I might as well tell something I learned only later. Her name was Gretel. I will also admit that Gretel is not her real name. I know what her real name is, but just as Hildy Johnson did in her account, I’ll use pseudonyms when referring to Irontown residents.

“Oh, man, you are hurt bad,” she breathed, leaning over and looking at me. She was amazingly calm, considering that the battle was still raging. Her jumpsuit had scorch marks on it where it had been set afire, but her nullsuit seemed to have protected her from major harm.

“Get away,” I choked out. “You’re going to get killed.”

“Shut up,” she said, not unkindly. Then she grabbed the back of my collar and started to drag me. I passed out.

* * *

It was pain that brought me around again.

The first thing I noticed was that my arm was gone. The strip of cloth that had kept it attached had torn completely while she was dragging me.

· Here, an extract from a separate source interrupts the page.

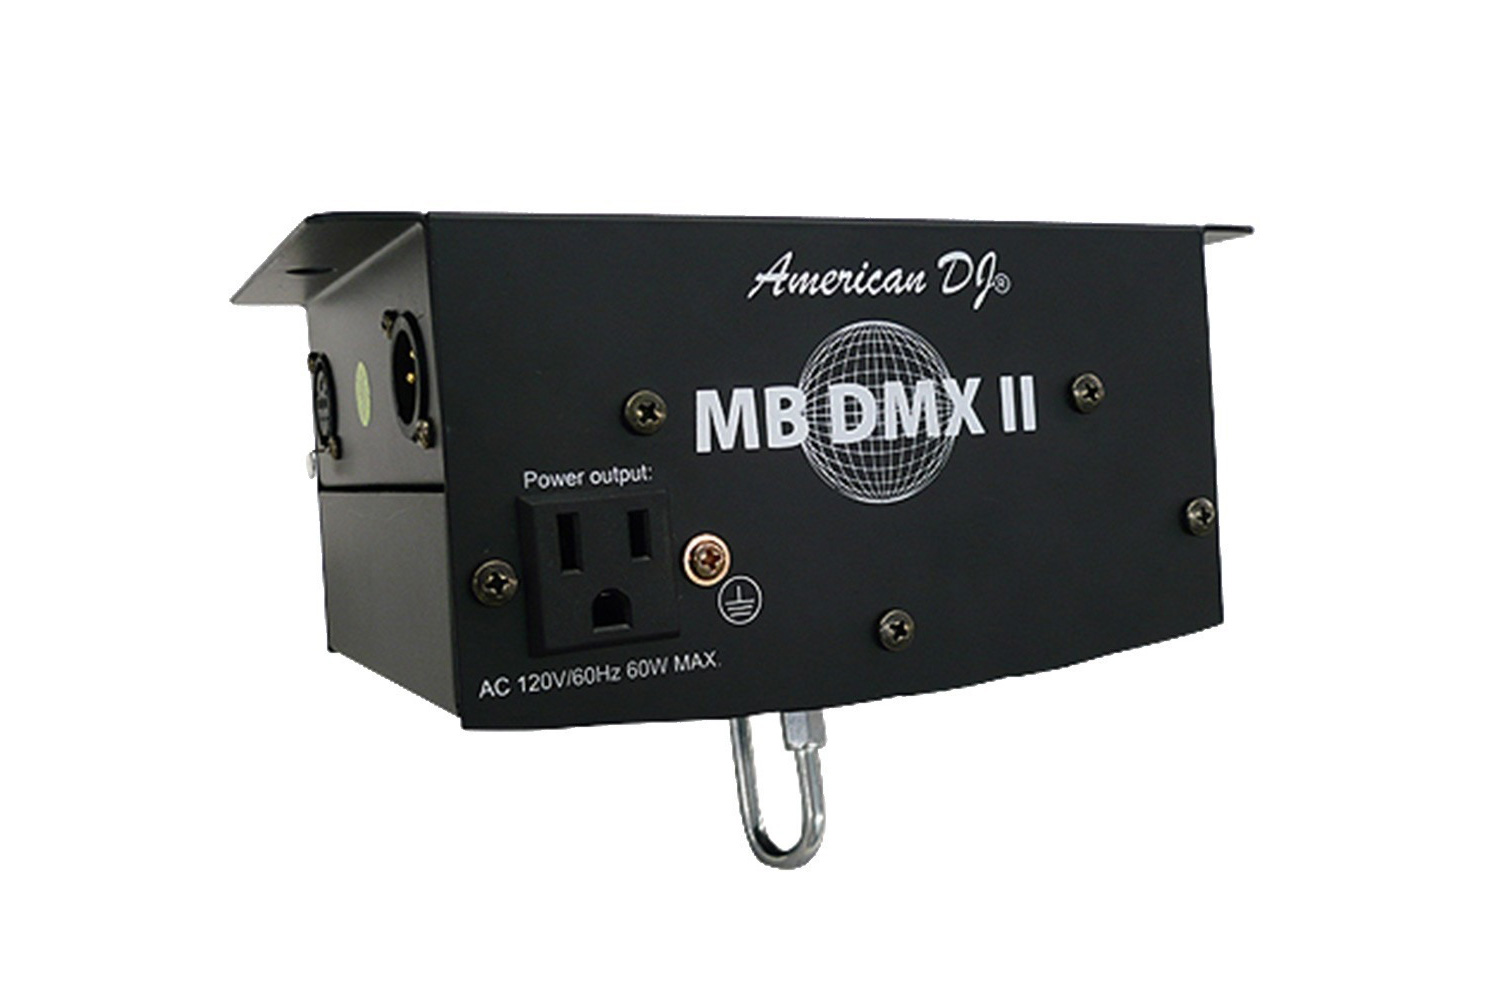 American Dj- MB DMXii - Mirror Ball Motor

Well, I’d just have to buy a new one. It was the least of my worries. The arm stump didn’t hurt much, but the rest… it was getting worse by the minute.

I must have groaned.

“Hush!” Gretel hissed. “There’s a group of cops coming this way.”

She had dragged me into a recessed cubbyhole of some kind. We were not perfectly concealed, but it was tons better than where I had been.

I couldn’t see much at all except her face from below. I saw her tense, then relax slightly. There was a loud explosion. I heard a whistling sound. That sound, and all other sounds, quickly diminished. There was a sharp pain in my ears. Air rushed out of my lungs.

I looked up and saw that Gretel had become a silver trophy figure. The mirror face moved, looking down at me.

There had been a blowout. We were in vacuum.

At that moment, I accepted that I was about to die. Oddly enough, I wasn’t too bothered about it all, except for the awful feeling of not being able to catch my breath.

At least it would stop hurting, I figured.